(DATA):
- - - - - - -

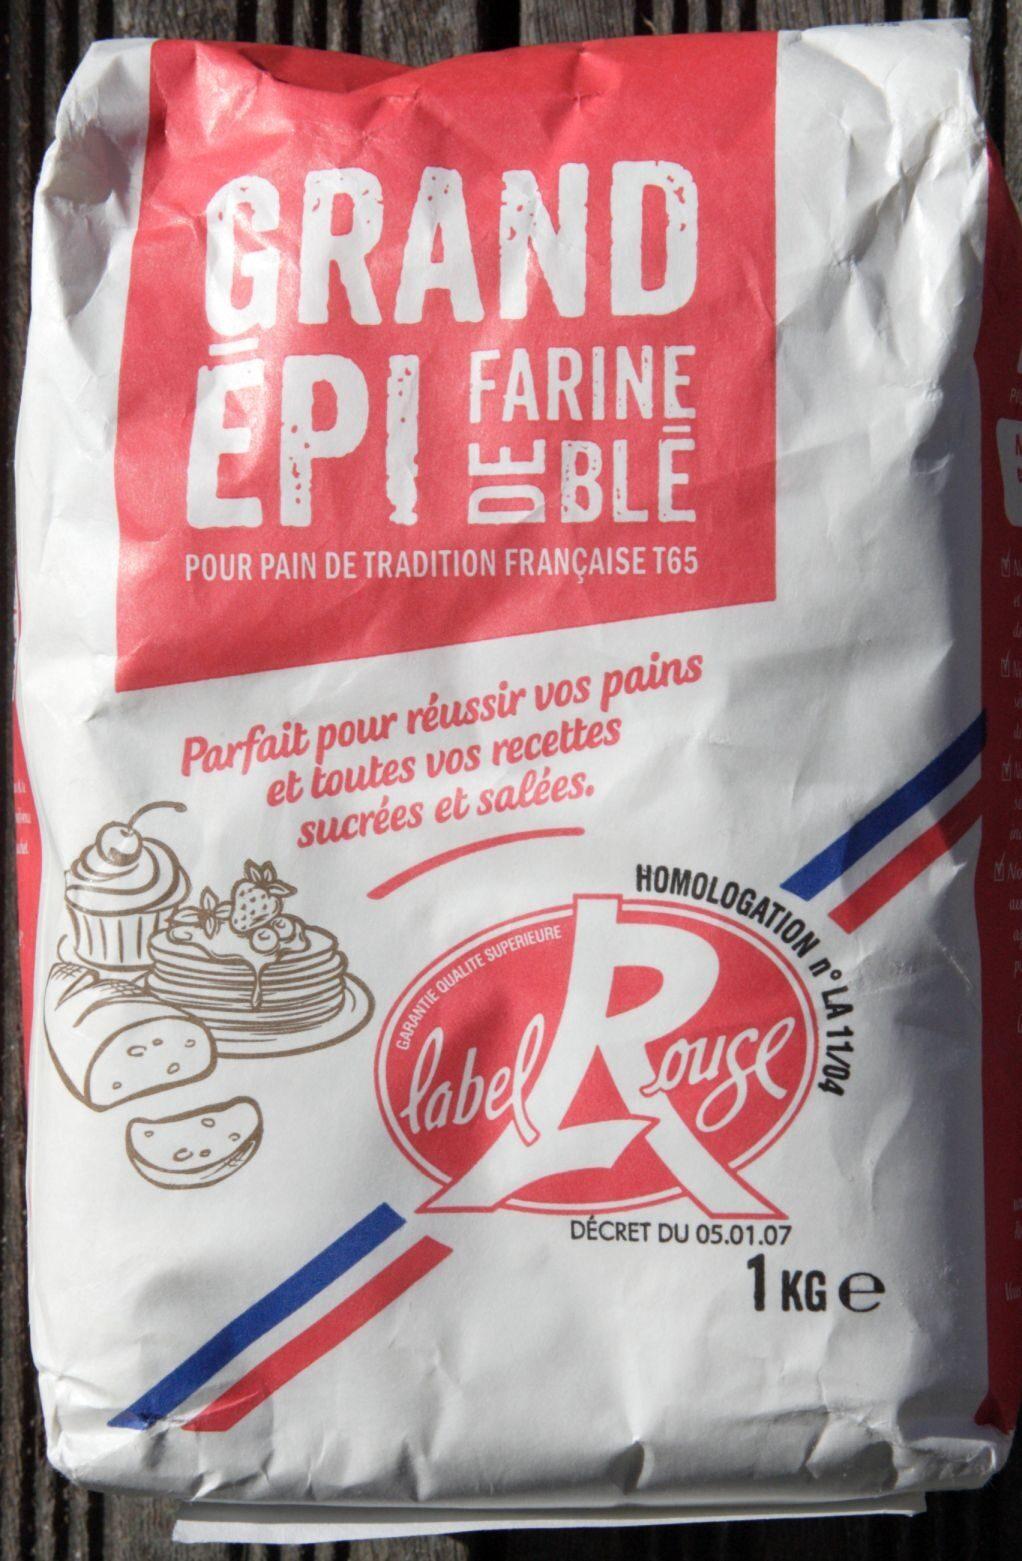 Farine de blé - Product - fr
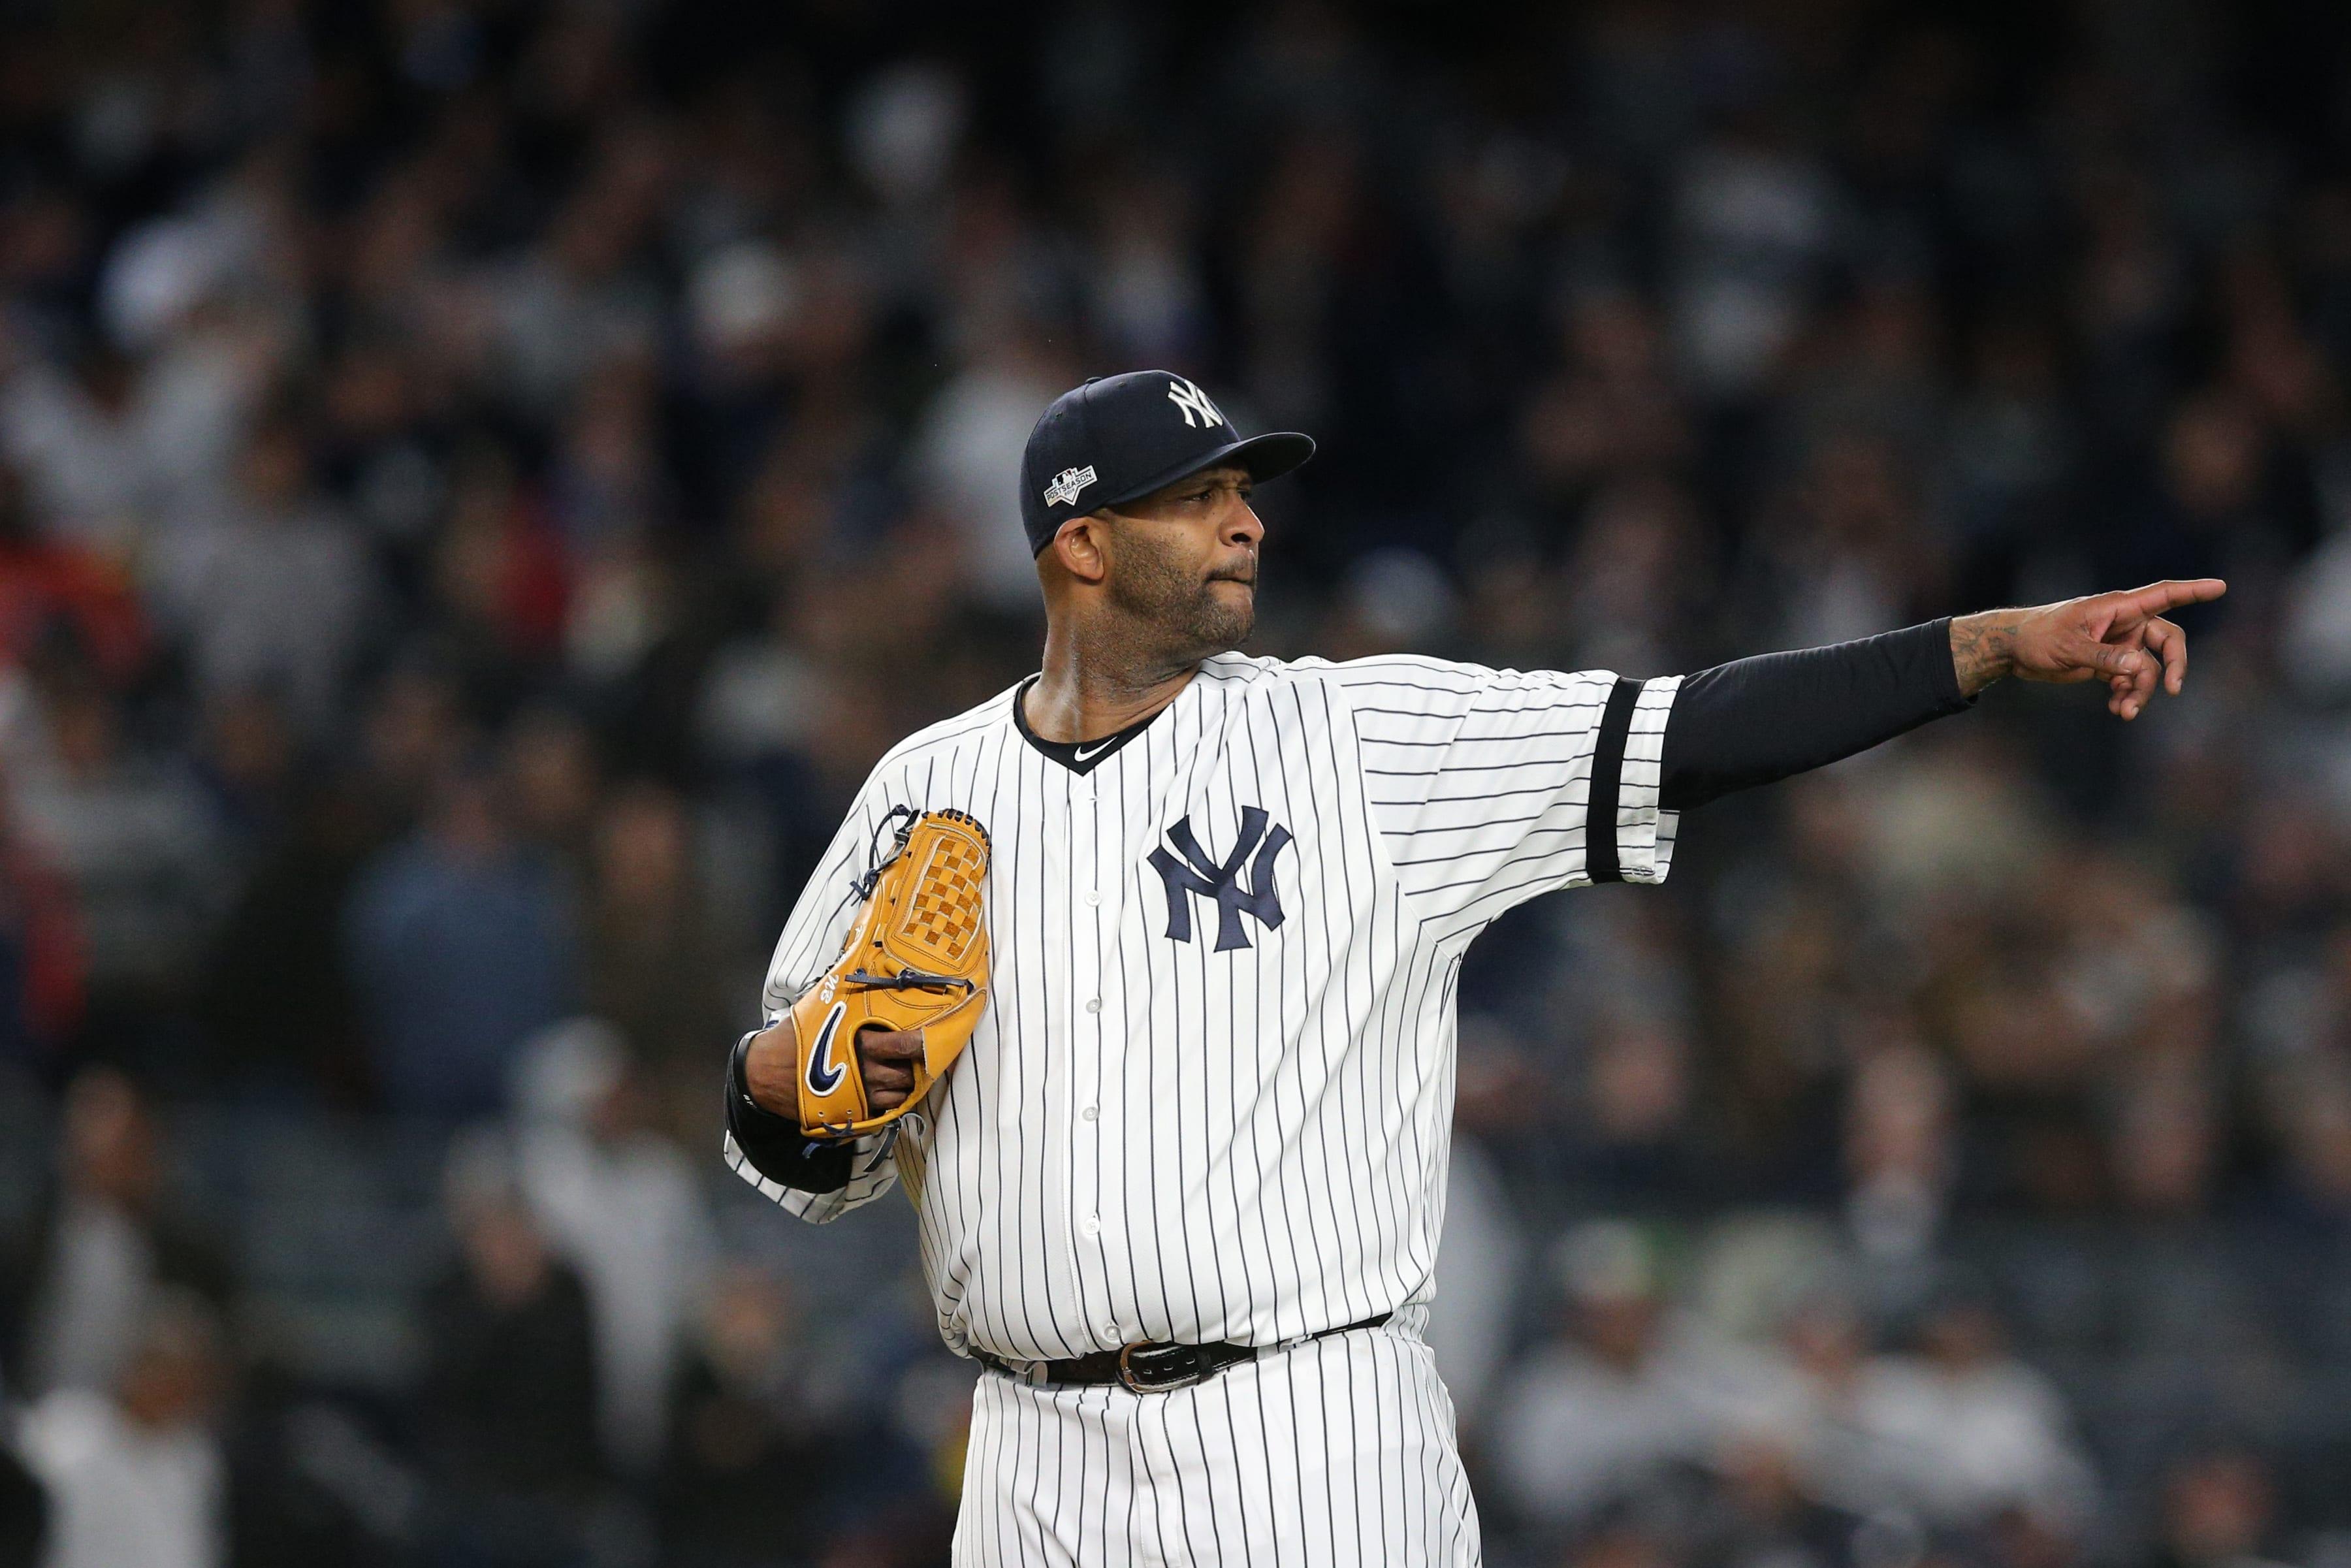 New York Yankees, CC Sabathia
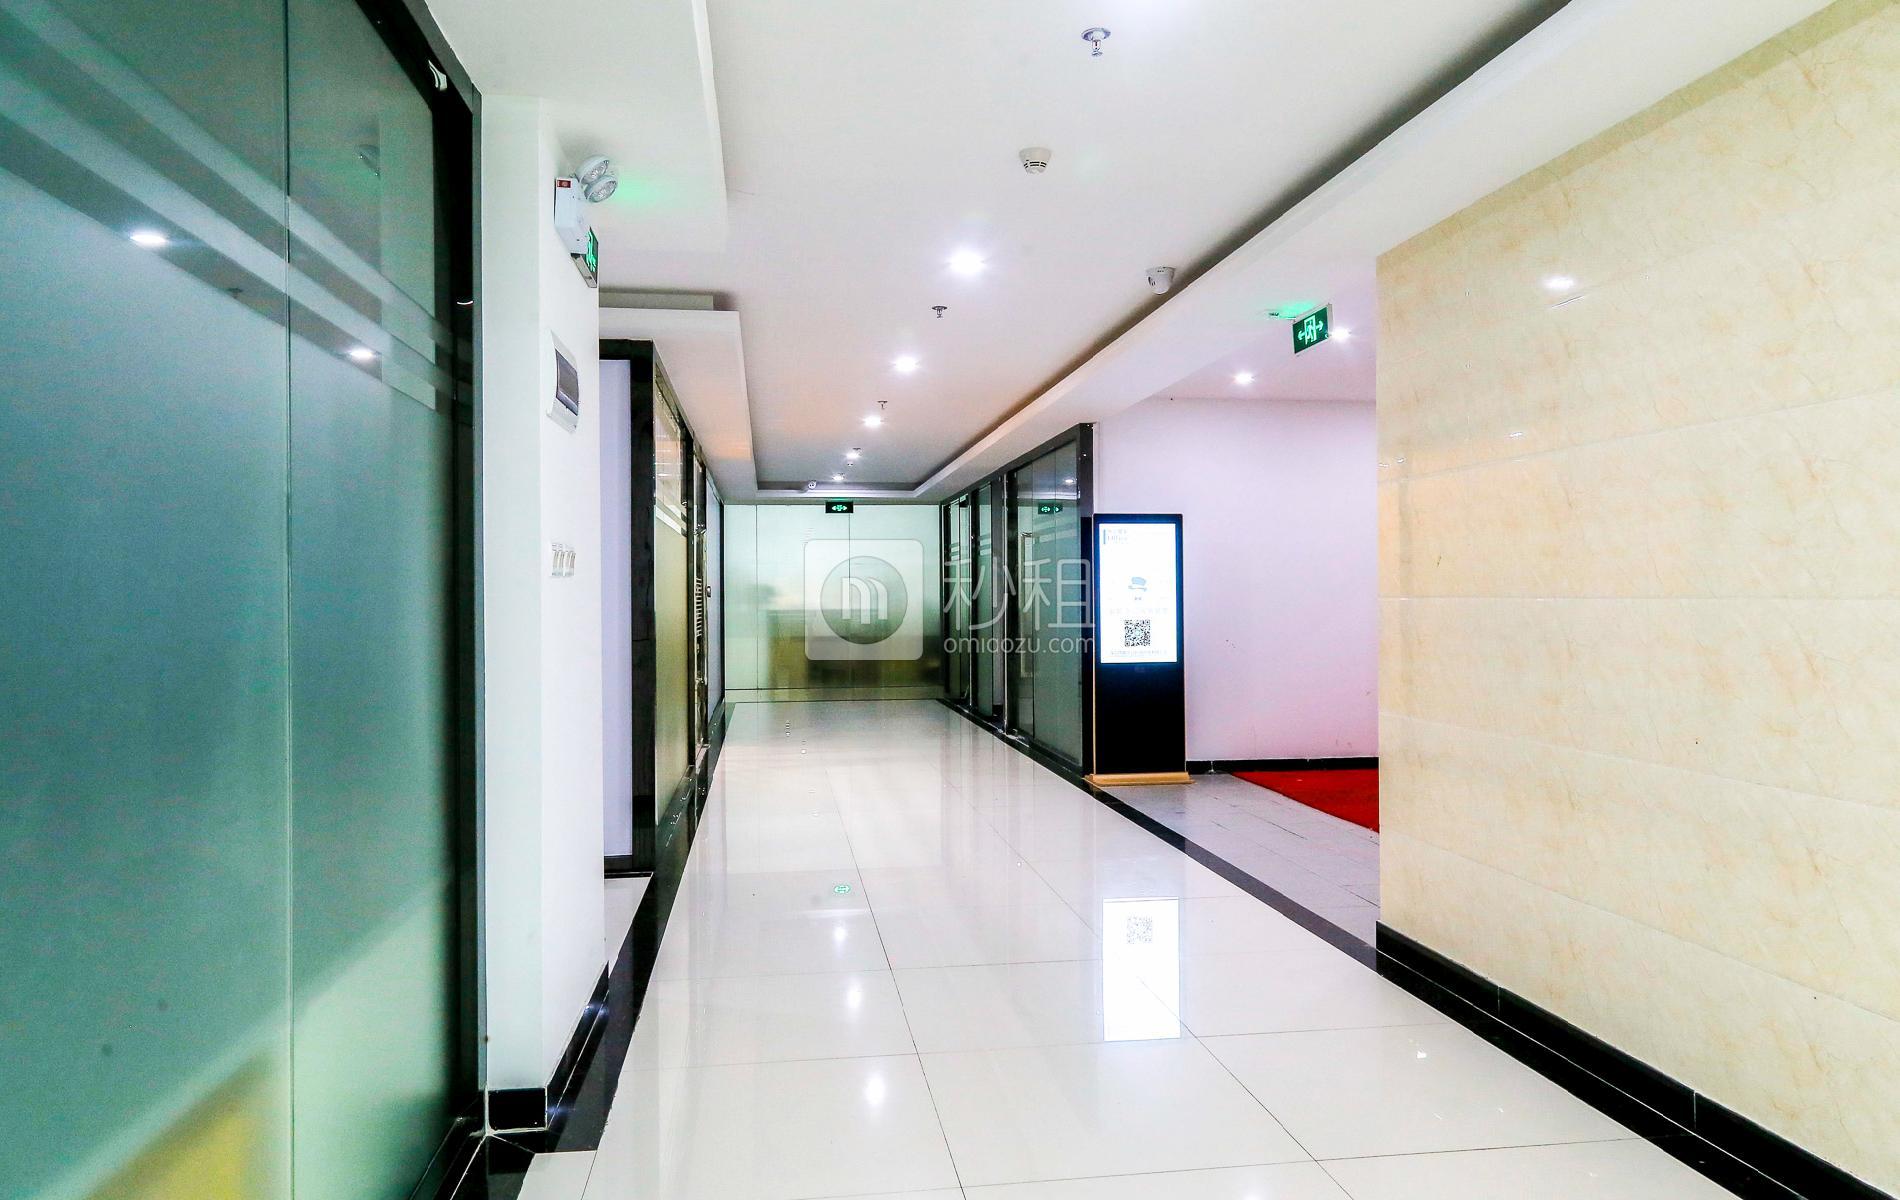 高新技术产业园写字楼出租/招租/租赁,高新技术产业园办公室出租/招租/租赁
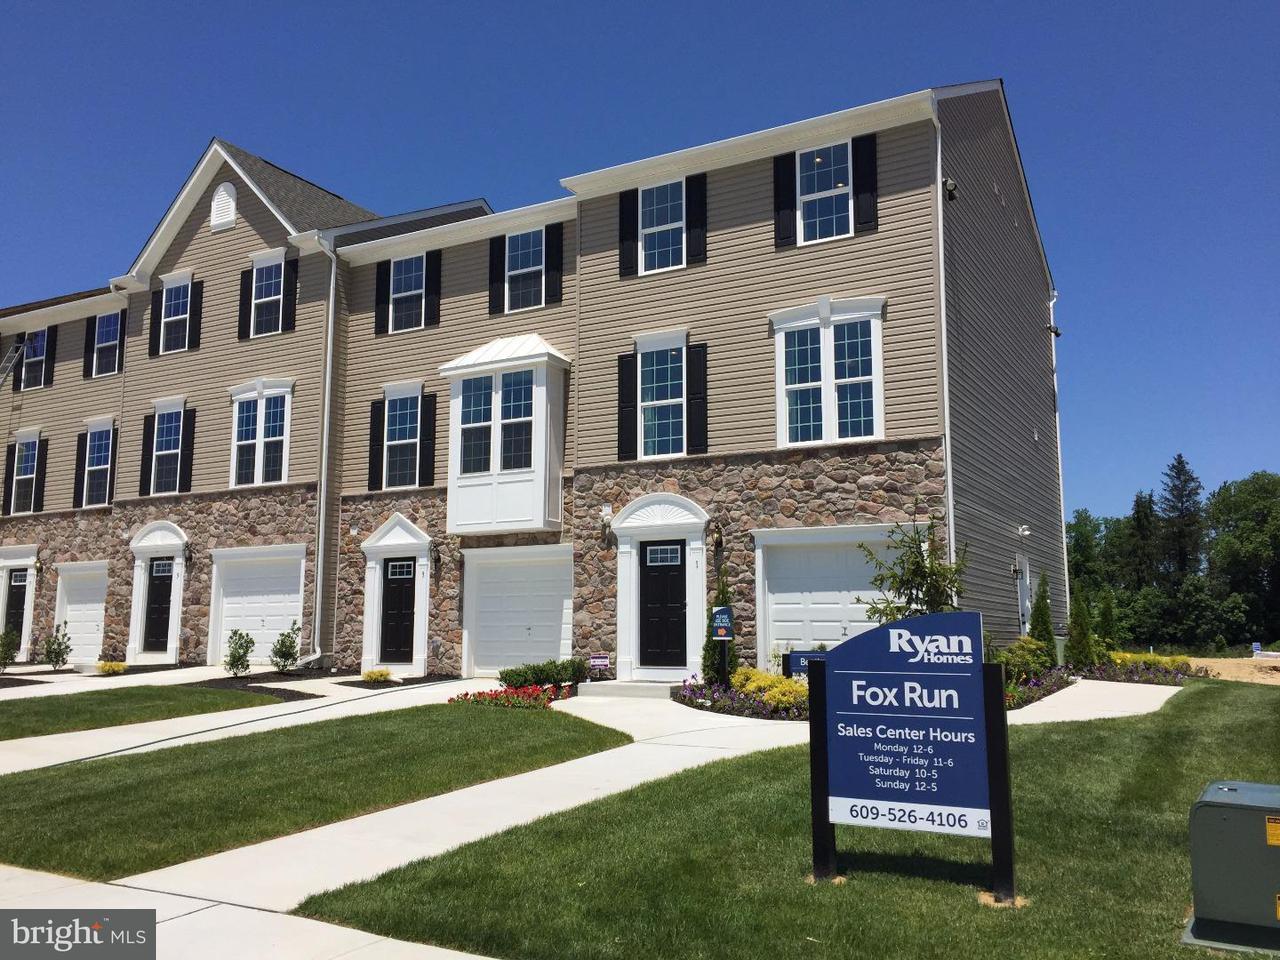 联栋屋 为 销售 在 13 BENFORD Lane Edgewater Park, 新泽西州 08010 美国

- - - - - - -

Return the full listing exactly as it appears above, without its pictures.

(EXERCISE SOLUTION):
 Farine de blé - Product - fr
 New York Yankees, CC Sabathia
 高新技术产业园写字楼出租/招租/租赁,高新技术产业园办公室出租/招租/租赁
 联栋屋 为 销售 在 13 BENFORD Lane Edgewater Park, 新泽西州 08010 美国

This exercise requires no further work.